◆ **Data extracts**:
————

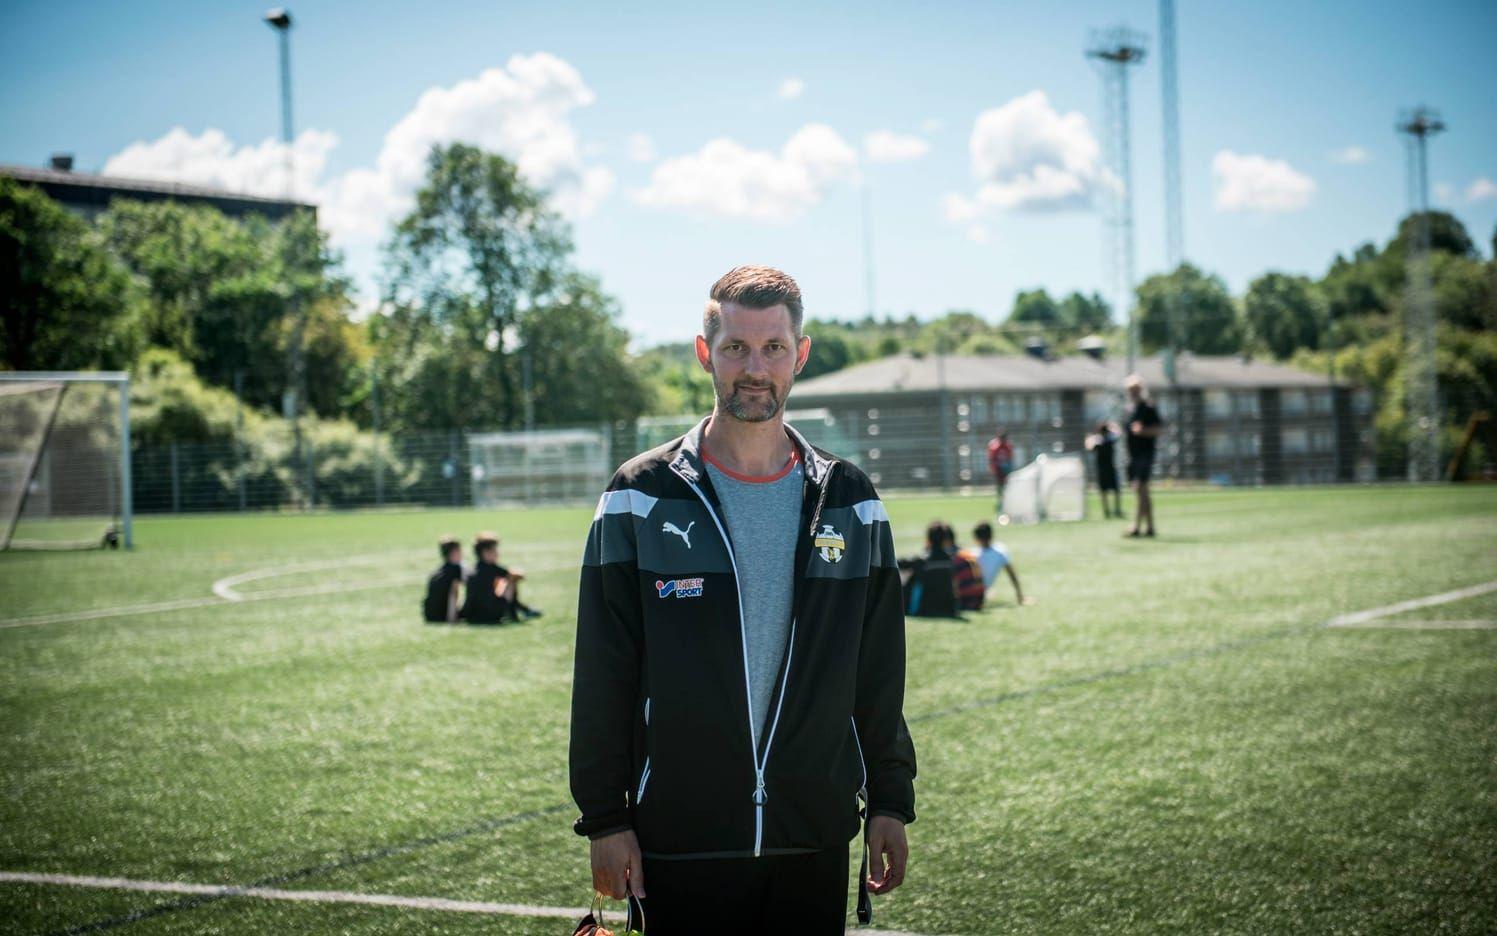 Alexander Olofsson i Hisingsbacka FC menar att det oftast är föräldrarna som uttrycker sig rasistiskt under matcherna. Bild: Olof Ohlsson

————

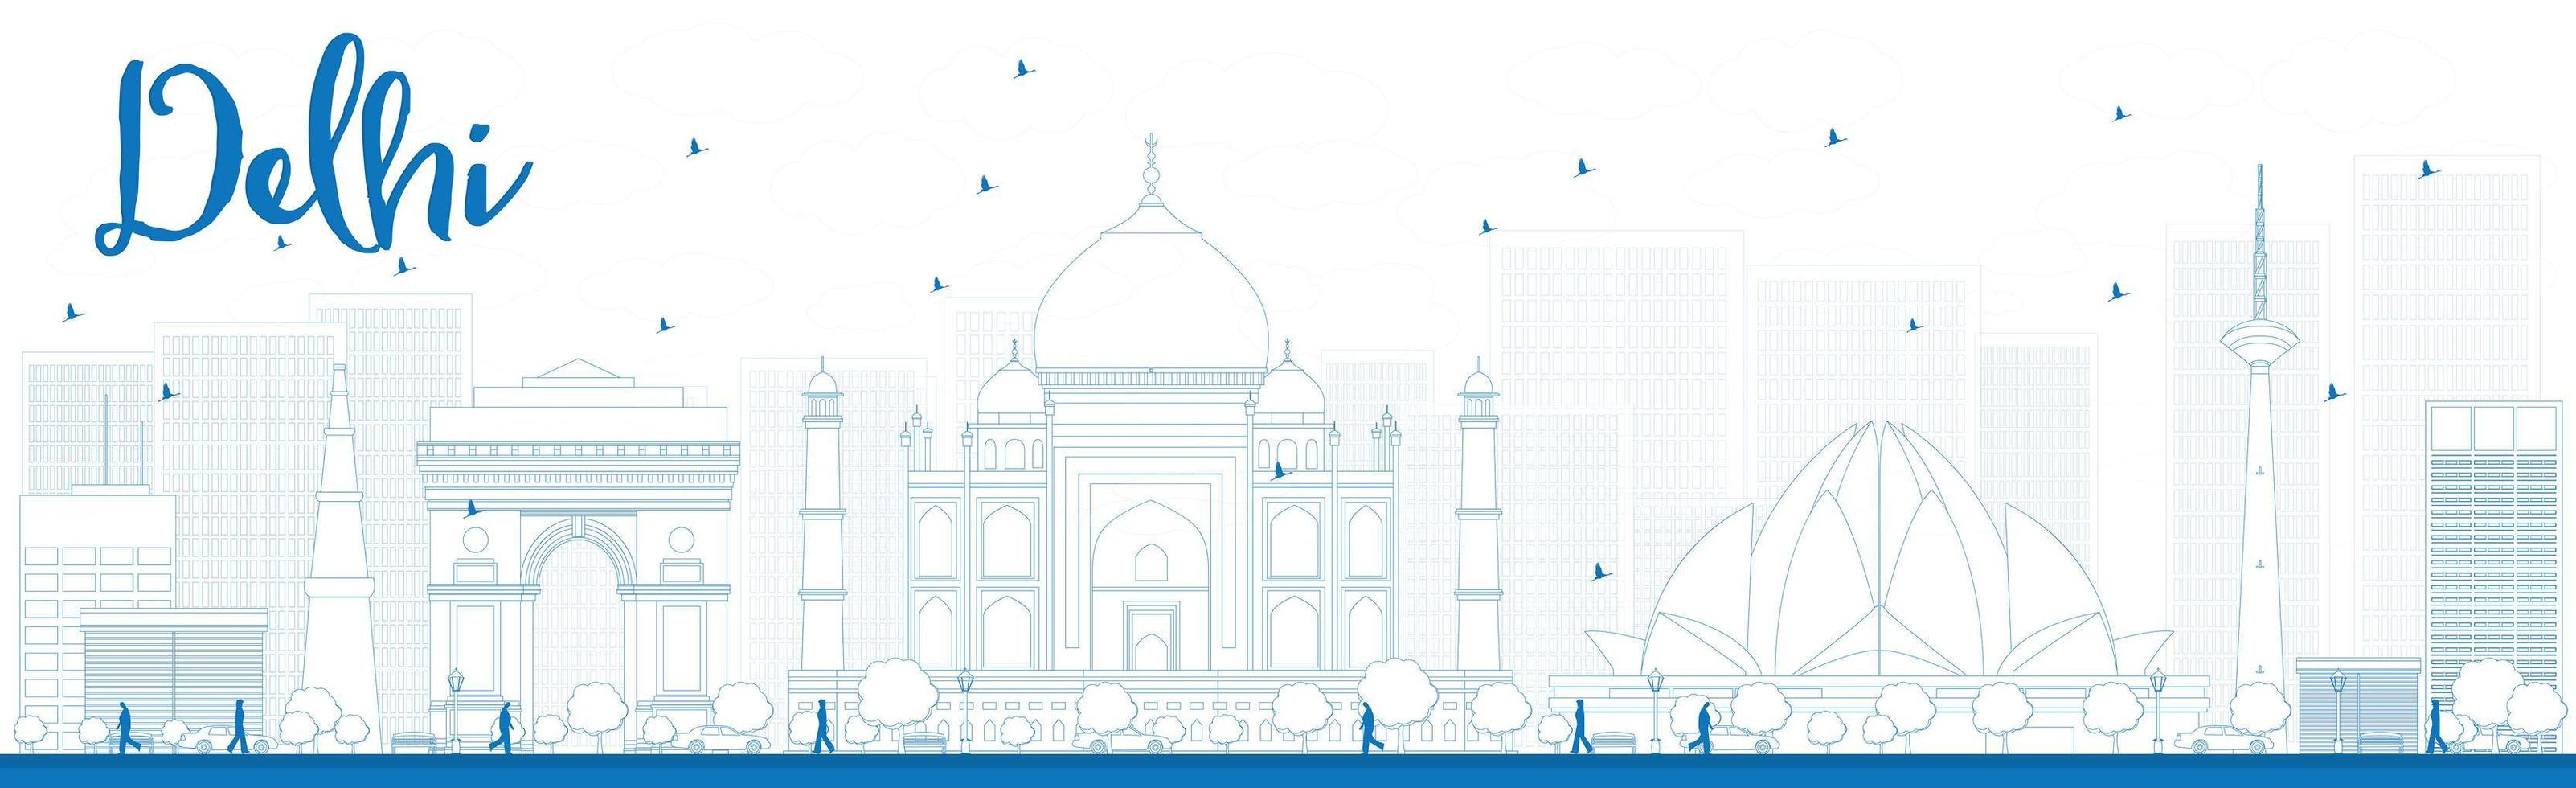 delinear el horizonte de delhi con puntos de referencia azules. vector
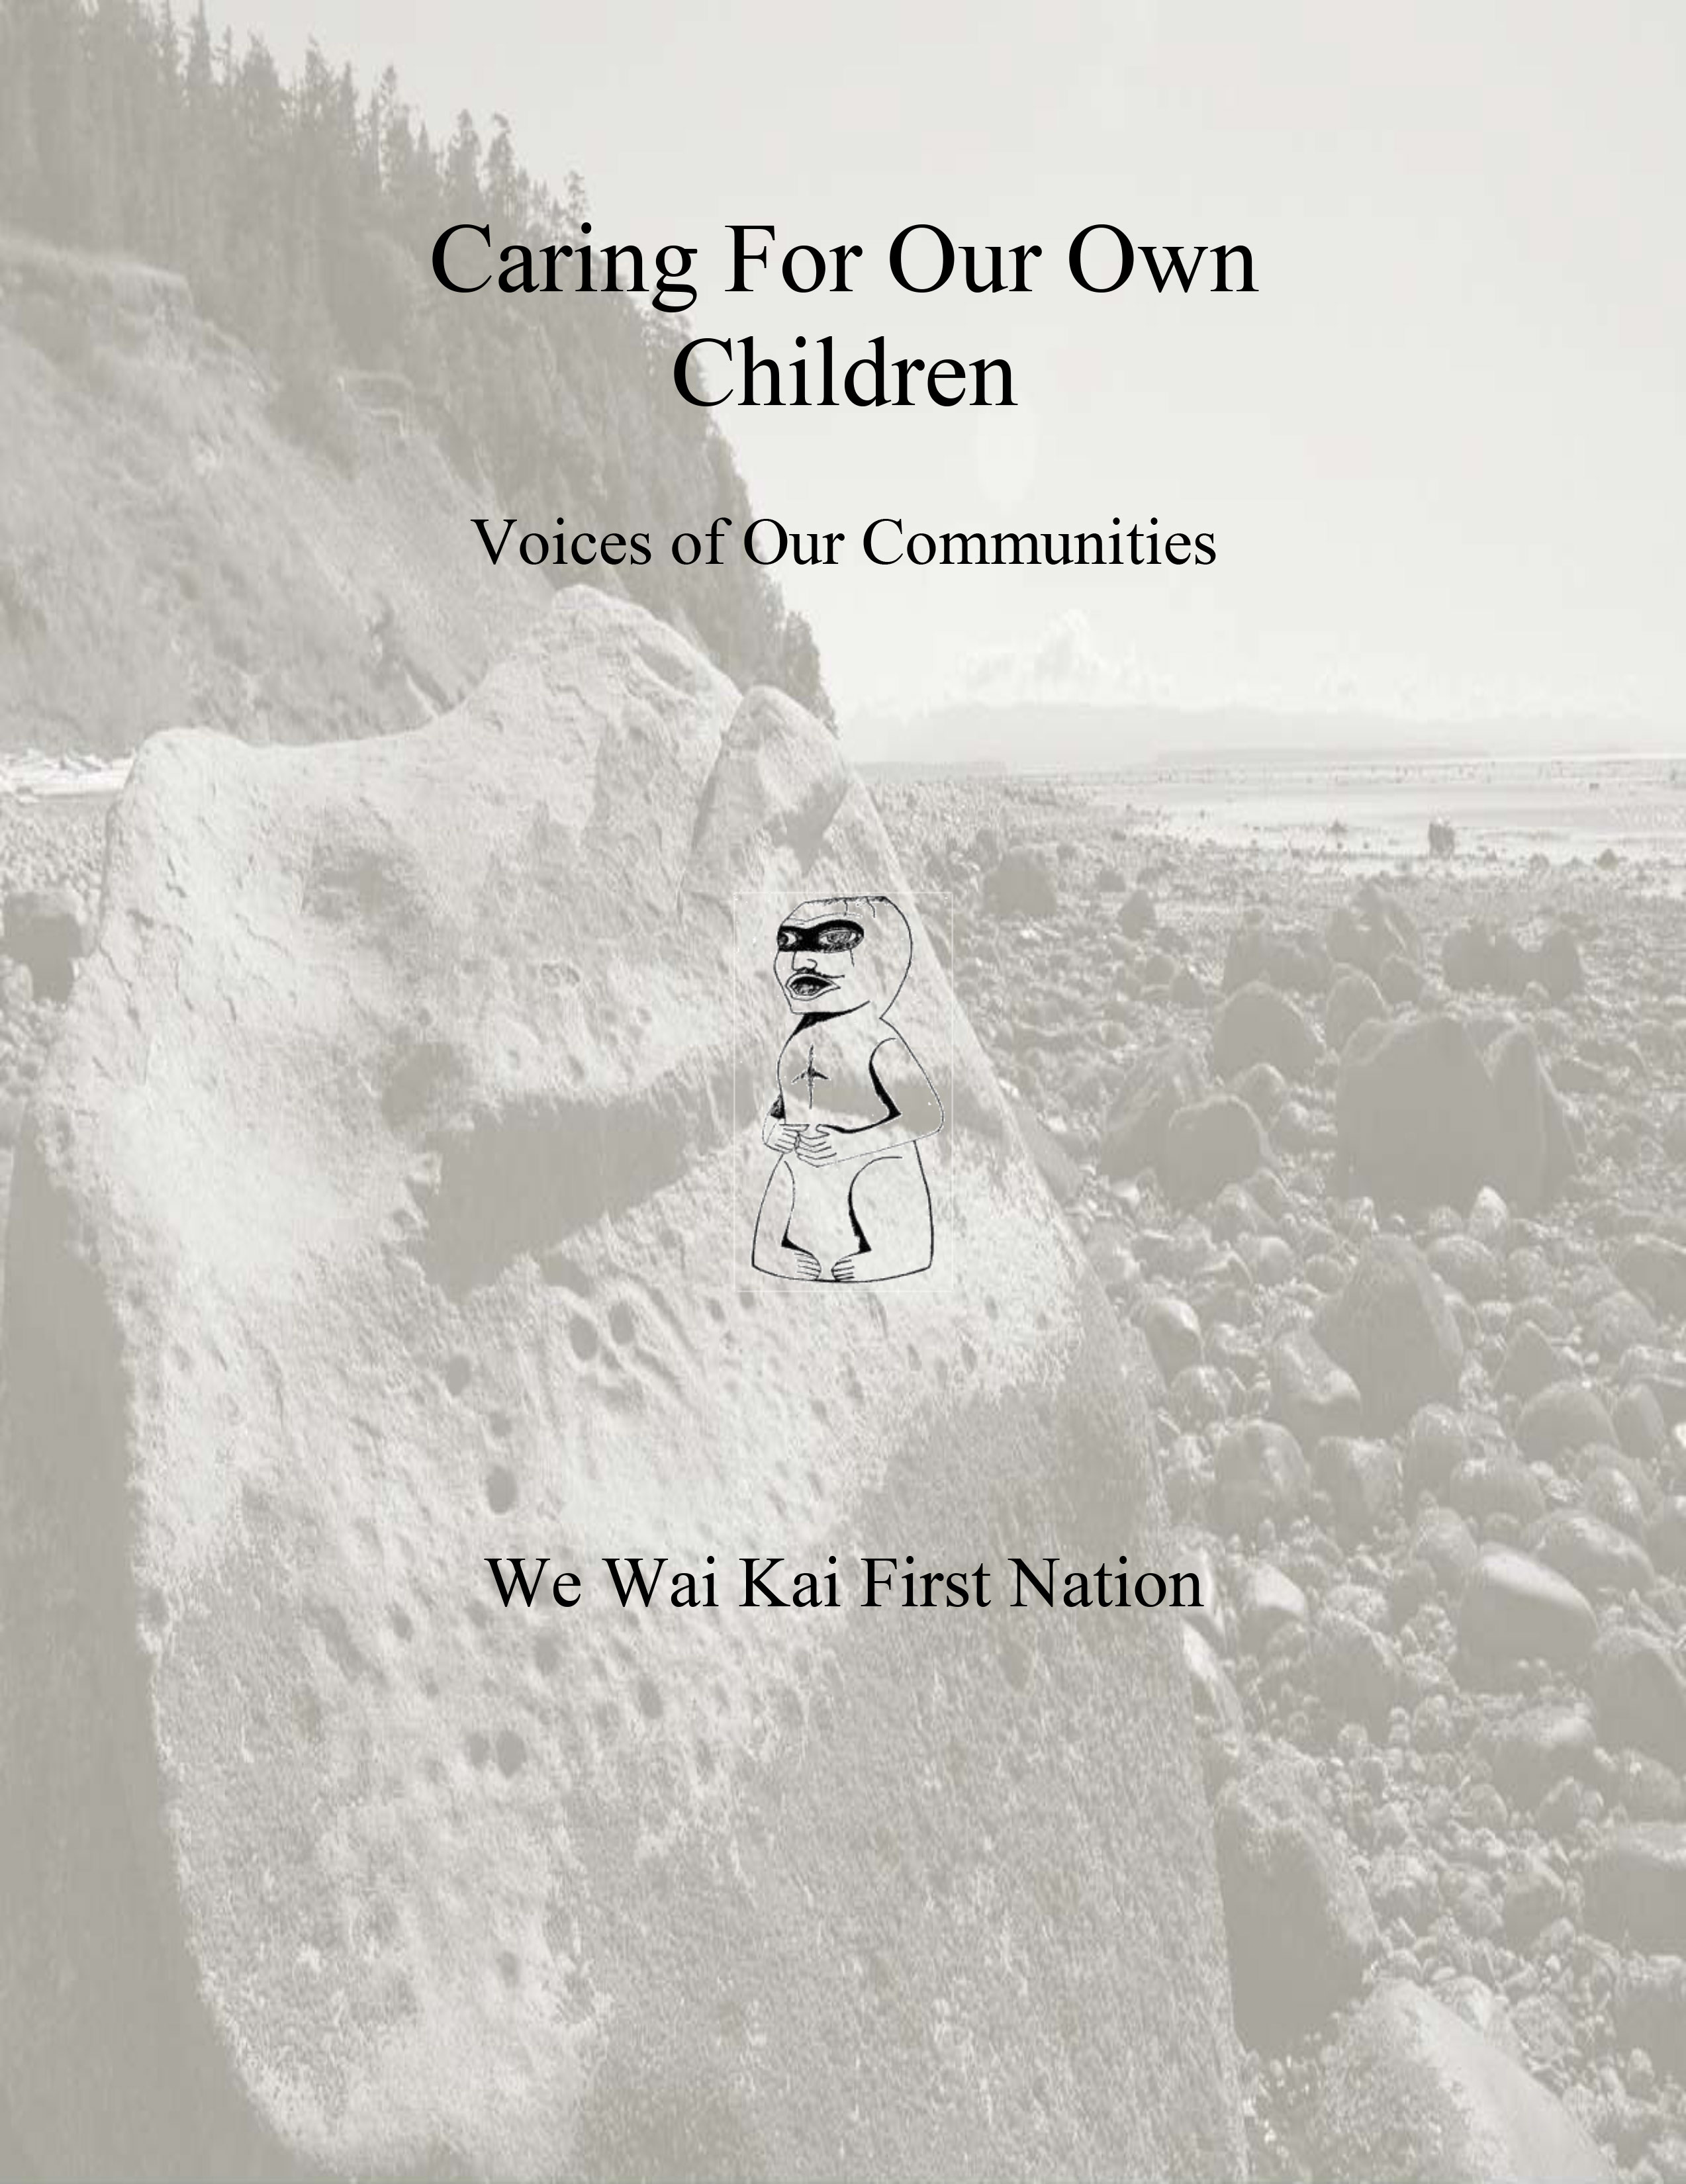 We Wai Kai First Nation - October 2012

————

◆ **Exercise requirements**: Repeat, without pictures, exactly the lines of the data above from the one containing "delinear el horizonte" through the one containing "We Wai Kai First Nation - October 2012", including both and adding nothing.

◆ **Your response**:
 delinear el horizonte de delhi con puntos de referencia azules. vector
 We Wai Kai First Nation - October 2012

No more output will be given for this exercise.